--- Supplied records ---
+ + + +

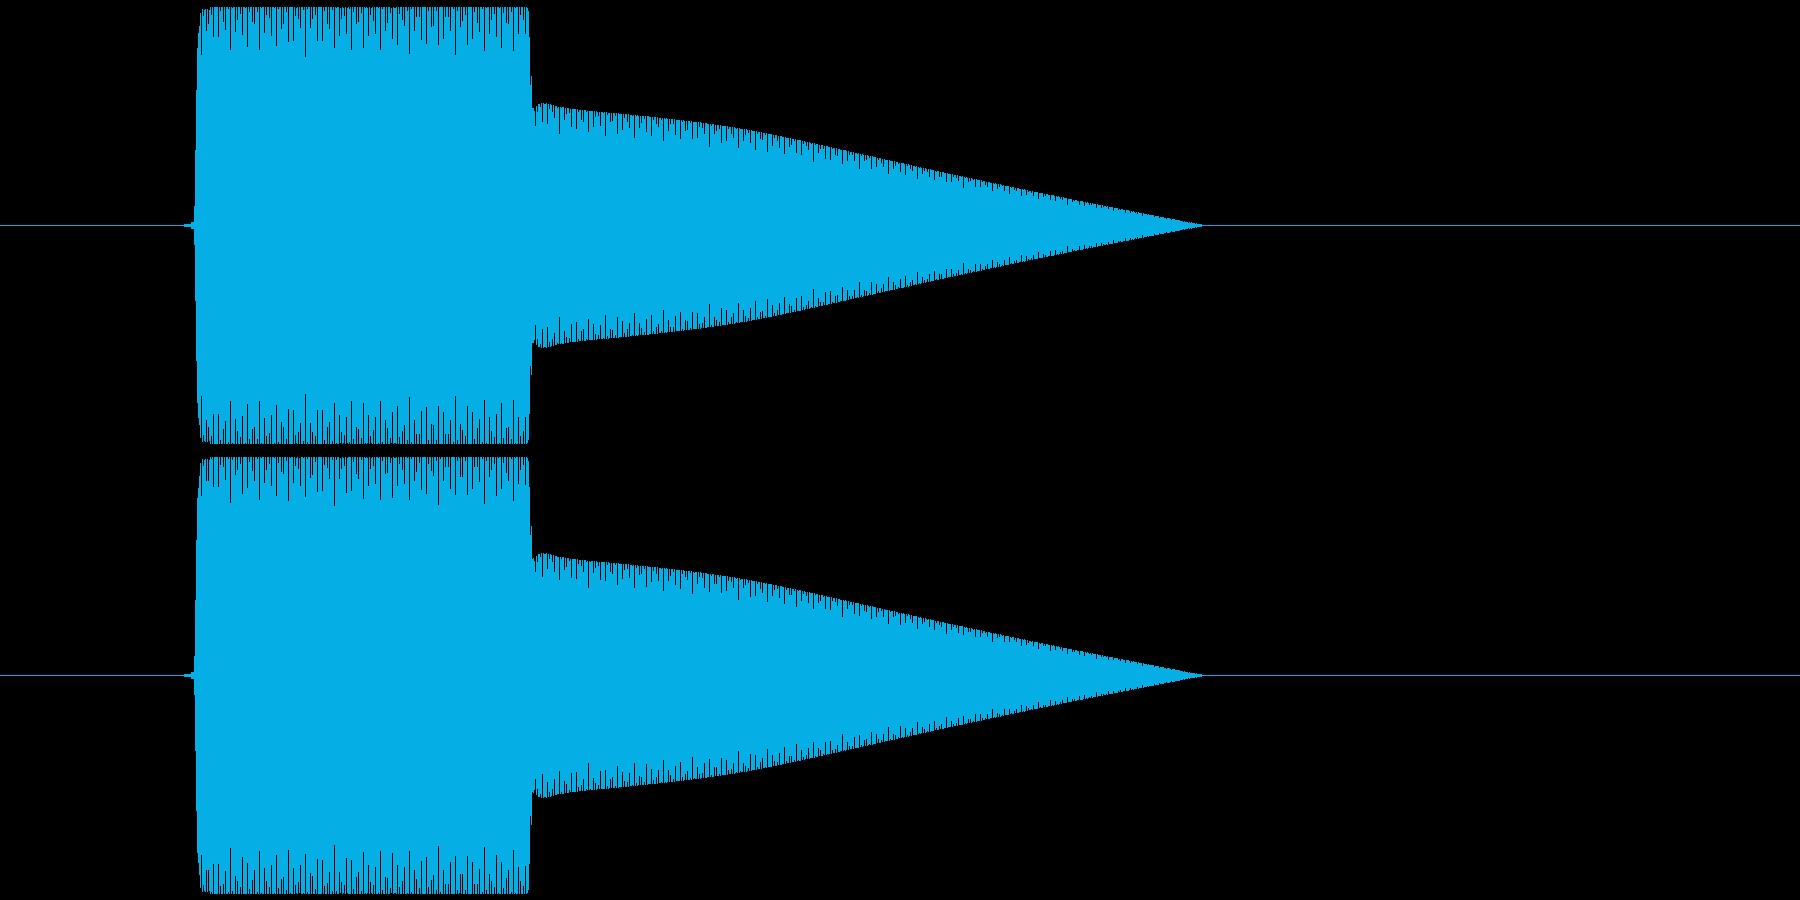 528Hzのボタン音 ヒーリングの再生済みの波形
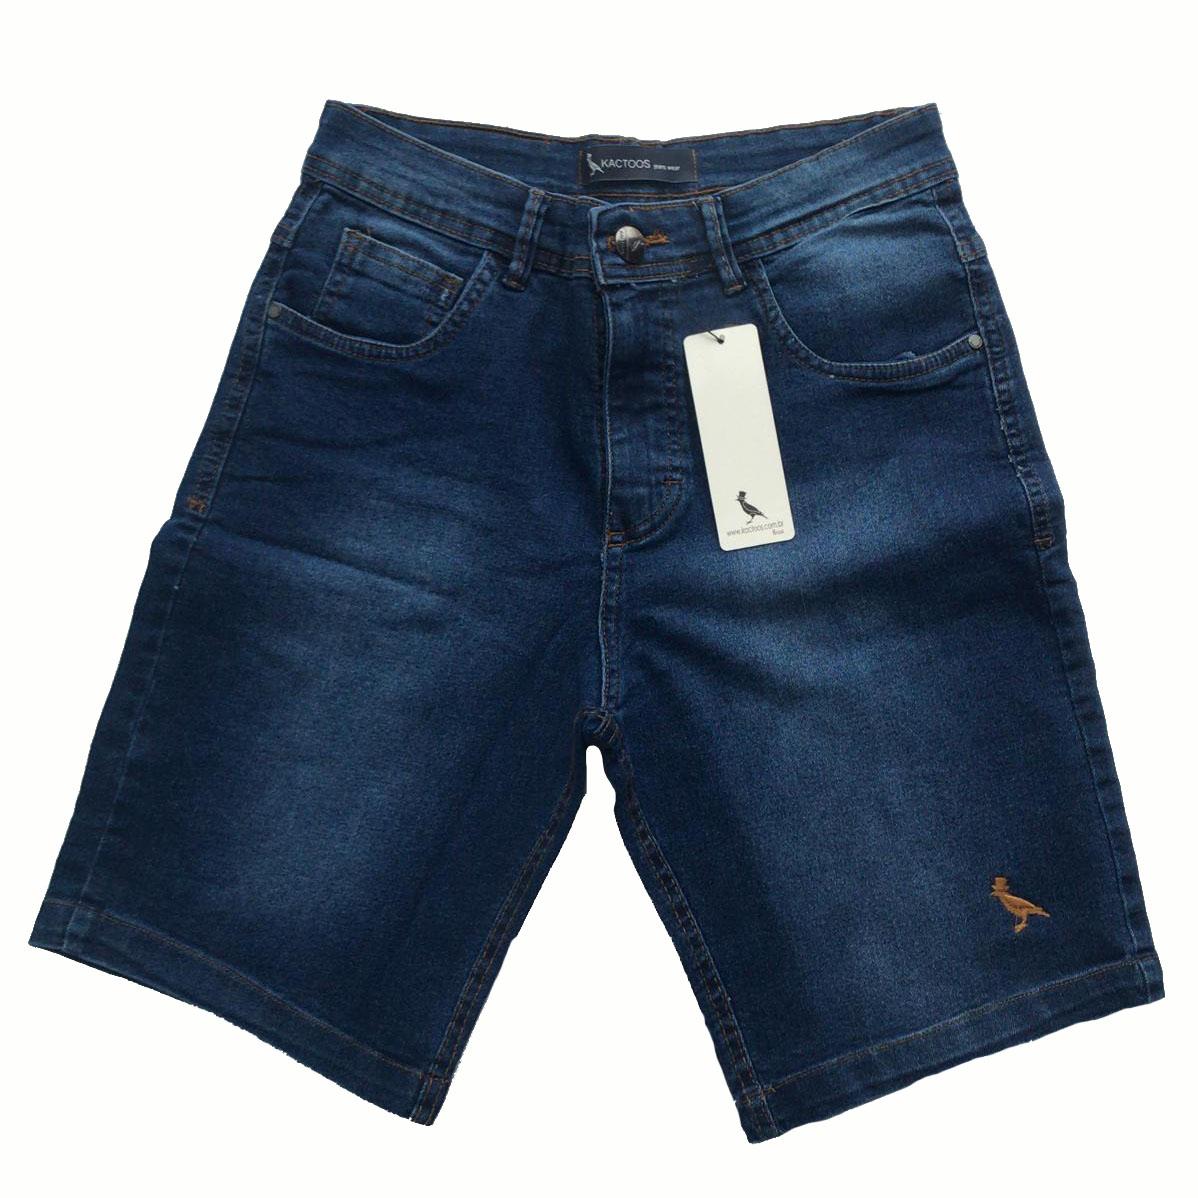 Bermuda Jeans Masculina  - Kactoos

+ + + +

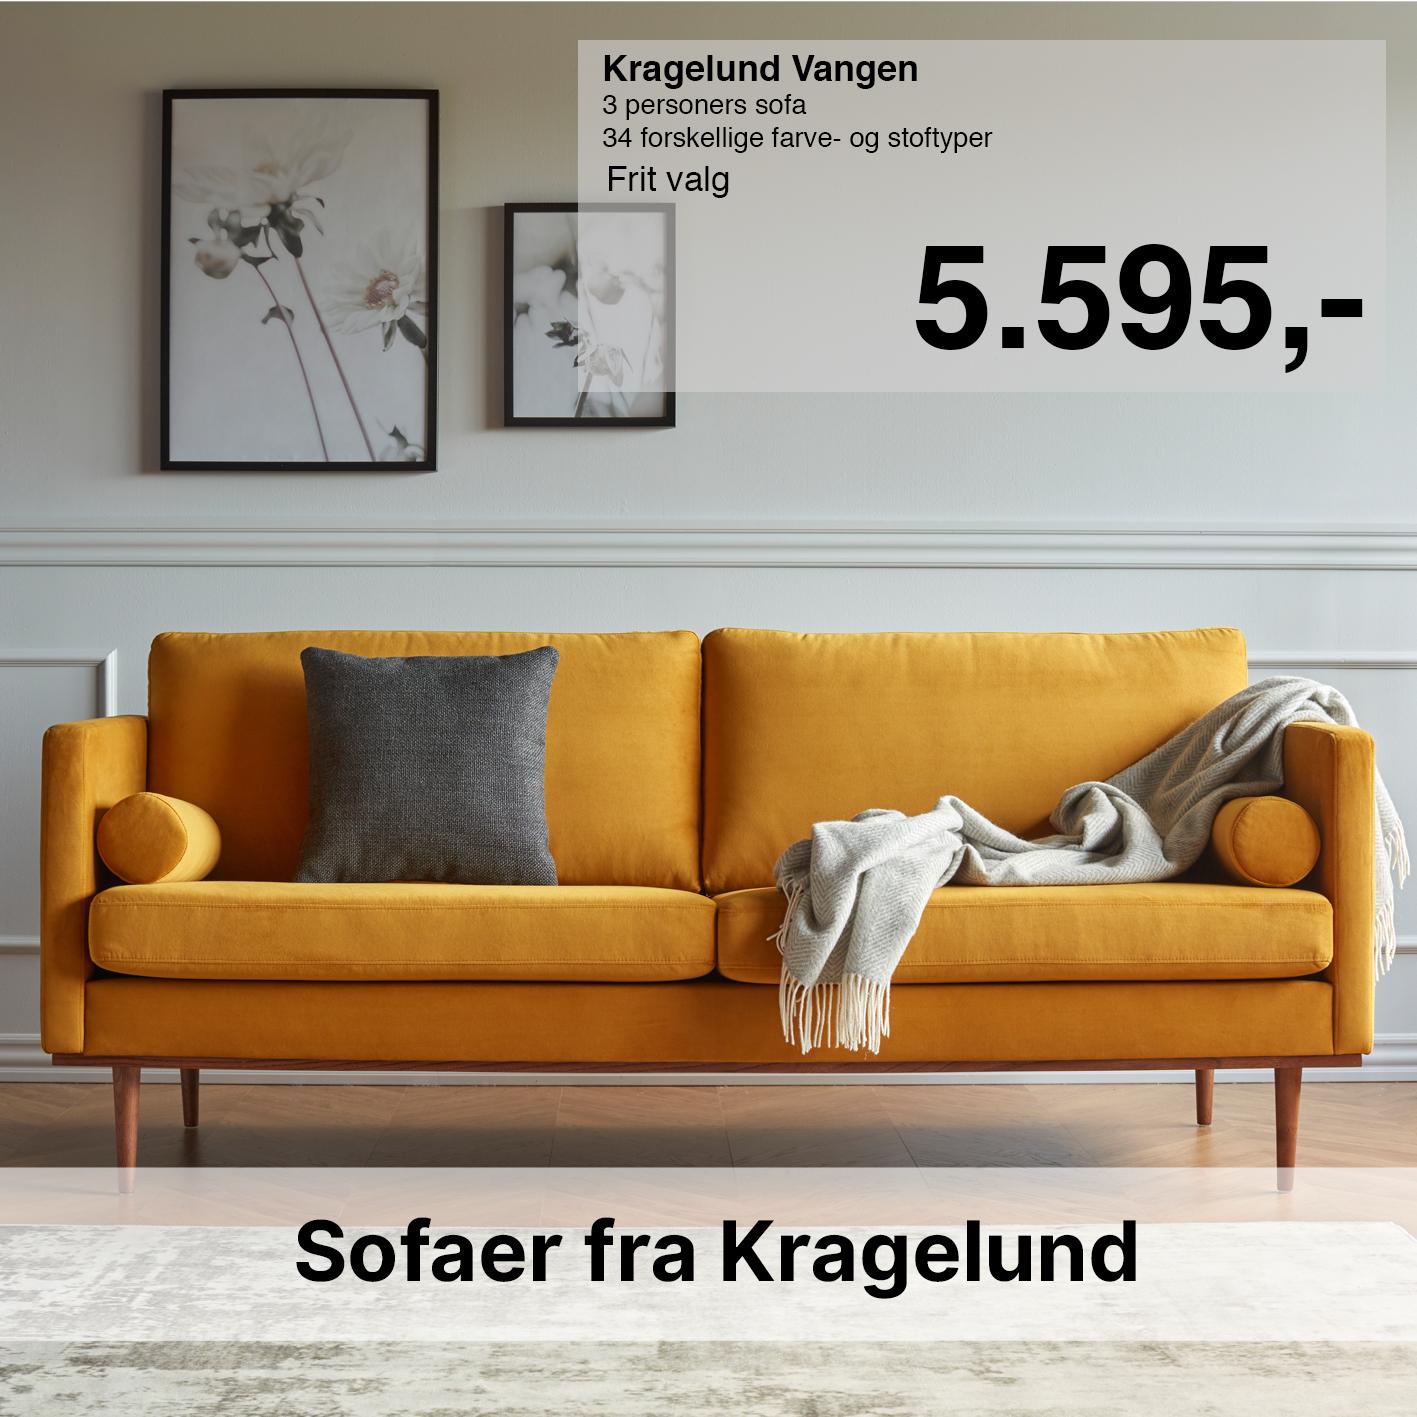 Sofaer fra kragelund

+ + + +

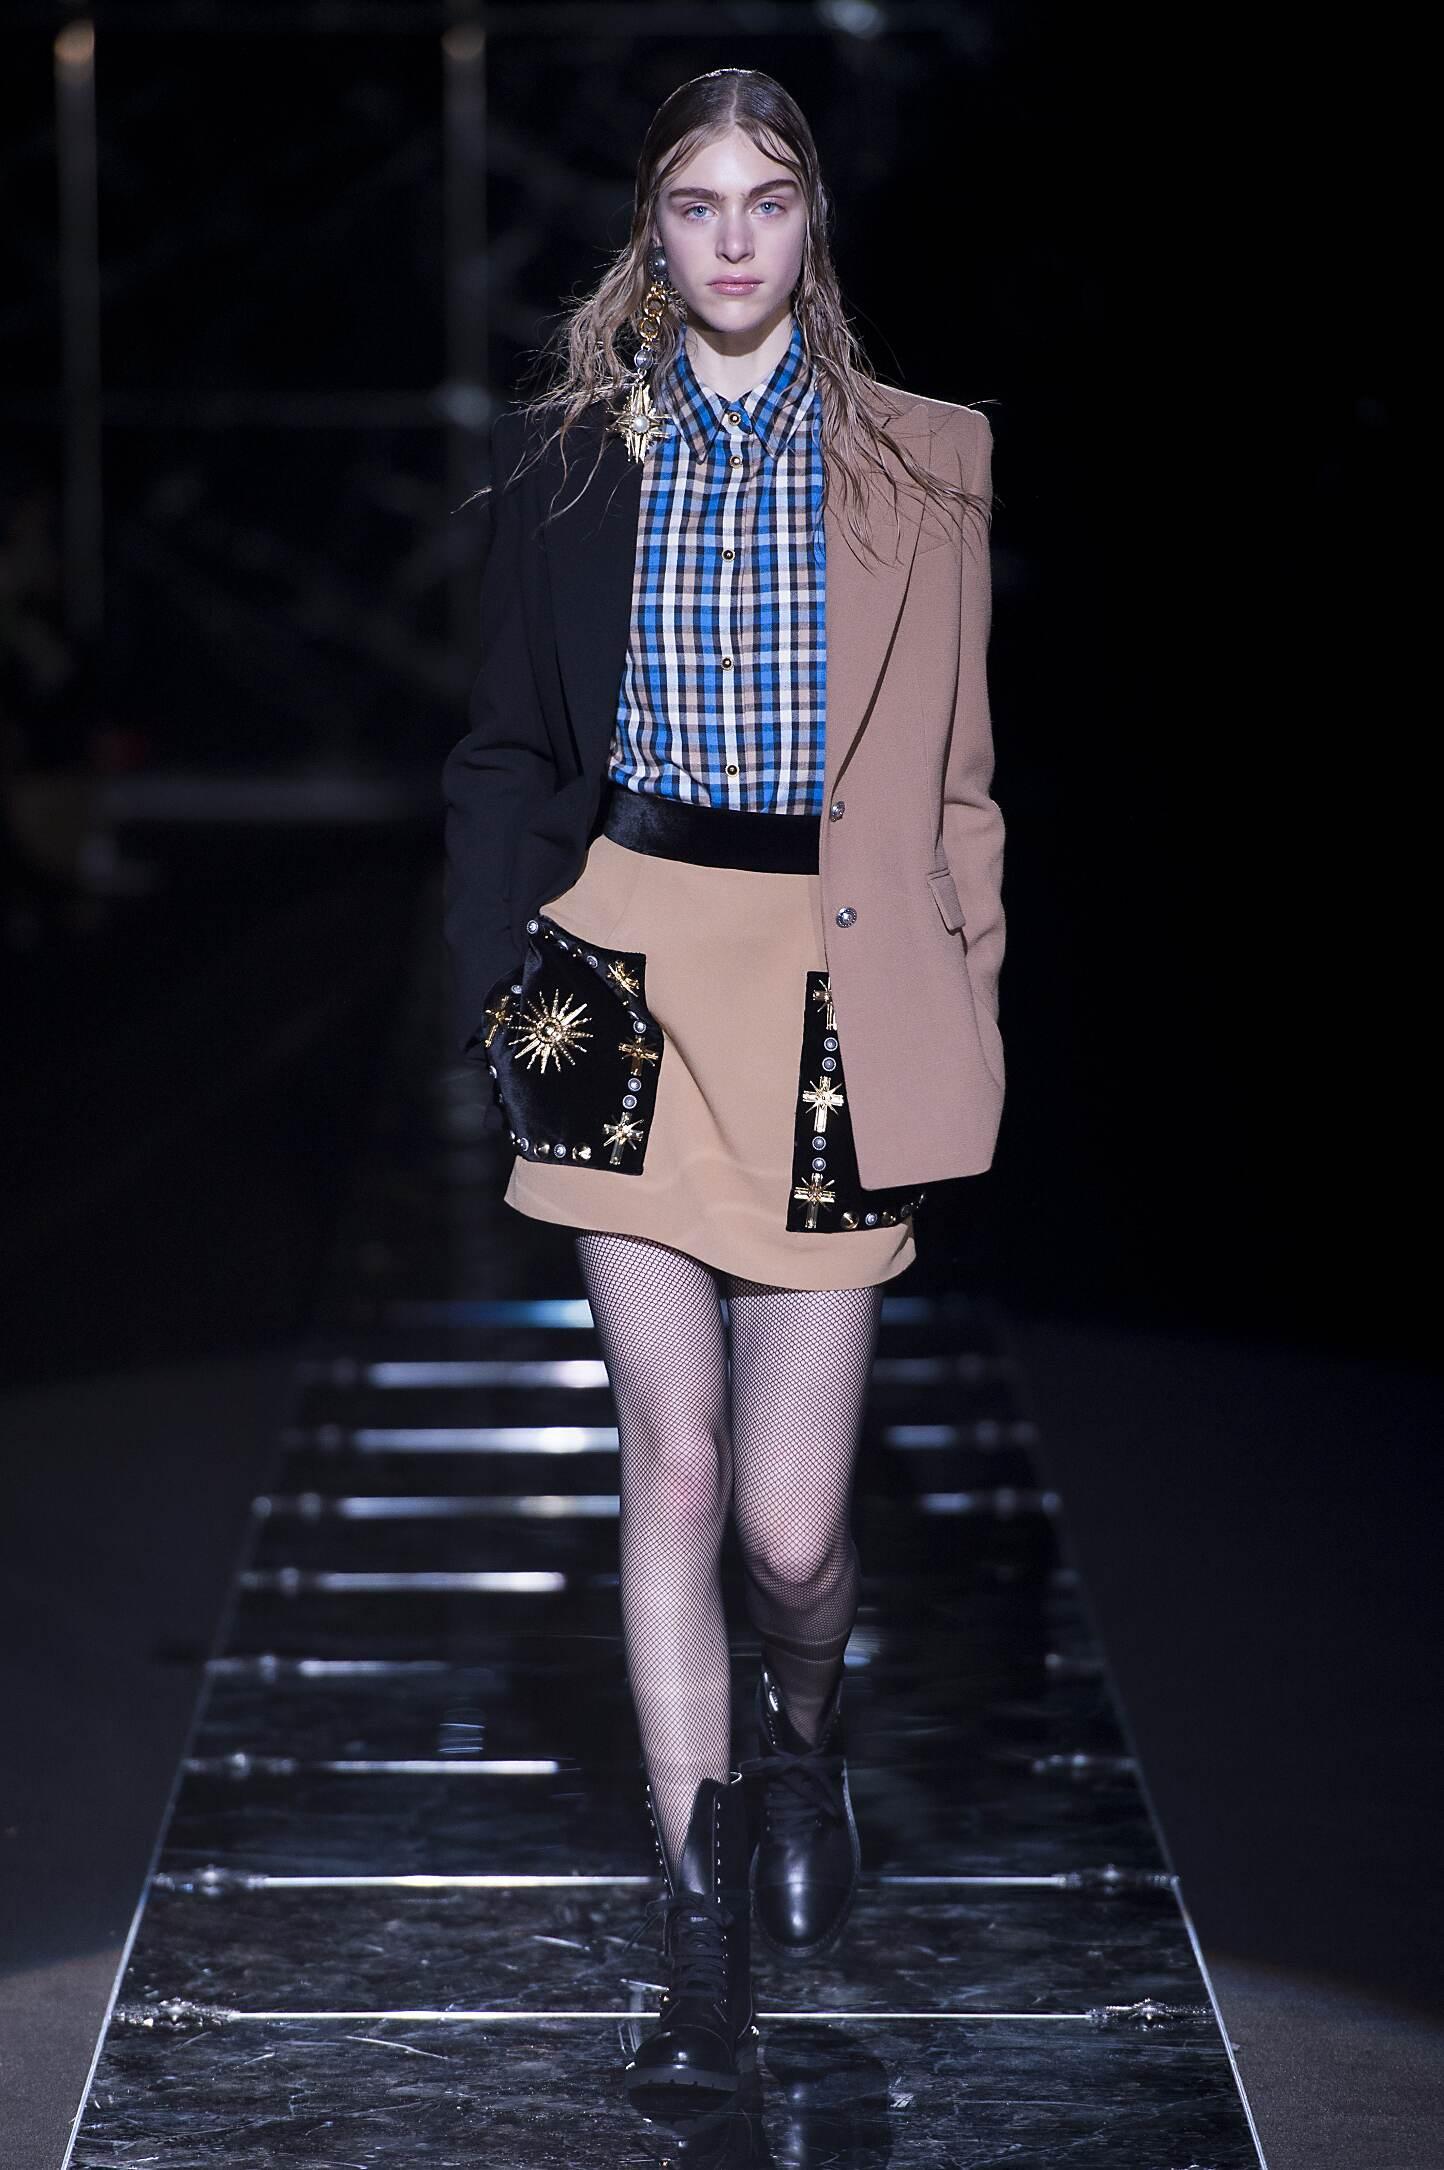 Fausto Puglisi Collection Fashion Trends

+ + + +

--- Problem description ---
Your answer must be the exact lines from the records above, from the one containing "528Hzのボタン音 ヒーリングの再生済みの波形" through the one containing "Bermuda Jeans Masculina", both included, with every picture left out.

--- Result ---
 528Hzのボタン音 ヒーリングの再生済みの波形
 Bermuda Jeans Masculina  - Kactoos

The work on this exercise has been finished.